■ TASK BRIEF ■
The reply should hold every line of the data, unchanged and complete.

■ RECORDS SUPPLIED ■
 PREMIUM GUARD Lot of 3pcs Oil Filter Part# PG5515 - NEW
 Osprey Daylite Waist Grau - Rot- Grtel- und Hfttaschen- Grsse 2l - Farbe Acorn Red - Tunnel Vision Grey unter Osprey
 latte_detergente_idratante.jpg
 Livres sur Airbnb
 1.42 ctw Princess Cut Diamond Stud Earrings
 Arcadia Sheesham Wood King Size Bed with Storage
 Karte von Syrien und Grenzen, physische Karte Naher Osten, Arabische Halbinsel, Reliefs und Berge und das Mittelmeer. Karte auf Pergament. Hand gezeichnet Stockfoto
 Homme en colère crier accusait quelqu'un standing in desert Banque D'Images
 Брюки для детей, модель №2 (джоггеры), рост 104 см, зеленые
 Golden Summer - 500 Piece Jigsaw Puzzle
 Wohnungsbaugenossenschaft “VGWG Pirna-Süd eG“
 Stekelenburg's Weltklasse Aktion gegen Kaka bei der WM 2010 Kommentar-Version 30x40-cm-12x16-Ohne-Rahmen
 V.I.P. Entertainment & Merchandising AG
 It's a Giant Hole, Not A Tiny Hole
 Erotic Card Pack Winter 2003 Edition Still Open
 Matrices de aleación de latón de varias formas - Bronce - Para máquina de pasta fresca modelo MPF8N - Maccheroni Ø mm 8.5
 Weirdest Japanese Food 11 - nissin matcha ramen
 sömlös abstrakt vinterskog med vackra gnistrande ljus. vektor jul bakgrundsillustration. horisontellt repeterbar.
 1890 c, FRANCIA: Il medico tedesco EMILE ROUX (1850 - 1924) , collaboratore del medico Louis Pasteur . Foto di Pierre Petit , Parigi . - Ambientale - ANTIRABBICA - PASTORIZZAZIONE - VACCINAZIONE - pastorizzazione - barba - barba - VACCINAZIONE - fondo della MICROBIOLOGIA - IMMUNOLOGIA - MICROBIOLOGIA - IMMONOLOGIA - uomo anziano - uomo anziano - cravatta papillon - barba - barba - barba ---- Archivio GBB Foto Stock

■ REPLY TO THE TASK ■
 PREMIUM GUARD Lot of 3pcs Oil Filter Part# PG5515 - NEW
 Osprey Daylite Waist Grau - Rot- Grtel- und Hfttaschen- Grsse 2l - Farbe Acorn Red - Tunnel Vision Grey unter Osprey
 latte_detergente_idratante.jpg
 Livres sur Airbnb
 1.42 ctw Princess Cut Diamond Stud Earrings
 Arcadia Sheesham Wood King Size Bed with Storage
 Karte von Syrien und Grenzen, physische Karte Naher Osten, Arabische Halbinsel, Reliefs und Berge und das Mittelmeer. Karte auf Pergament. Hand gezeichnet Stockfoto
 Homme en colère crier accusait quelqu'un standing in desert Banque D'Images
 Брюки для детей, модель №2 (джоггеры), рост 104 см, зеленые
 Golden Summer - 500 Piece Jigsaw Puzzle
 Wohnungsbaugenossenschaft “VGWG Pirna-Süd eG“
 Stekelenburg's Weltklasse Aktion gegen Kaka bei der WM 2010 Kommentar-Version 30x40-cm-12x16-Ohne-Rahmen
 V.I.P. Entertainment & Merchandising AG
 It's a Giant Hole, Not A Tiny Hole
 Erotic Card Pack Winter 2003 Edition Still Open
 Matrices de aleación de latón de varias formas - Bronce - Para máquina de pasta fresca modelo MPF8N - Maccheroni Ø mm 8.5
 Weirdest Japanese Food 11 - nissin matcha ramen
 sömlös abstrakt vinterskog med vackra gnistrande ljus. vektor jul bakgrundsillustration. horisontellt repeterbar.
 1890 c, FRANCIA: Il medico tedesco EMILE ROUX (1850 - 1924) , collaboratore del medico Louis Pasteur . Foto di Pierre Petit , Parigi . - Ambientale - ANTIRABBICA - PASTORIZZAZIONE - VACCINAZIONE - pastorizzazione - barba - barba - VACCINAZIONE - fondo della MICROBIOLOGIA - IMMUNOLOGIA - MICROBIOLOGIA - IMMONOLOGIA - uomo anziano - uomo anziano - cravatta papillon - barba - barba - barba ---- Archivio GBB Foto Stock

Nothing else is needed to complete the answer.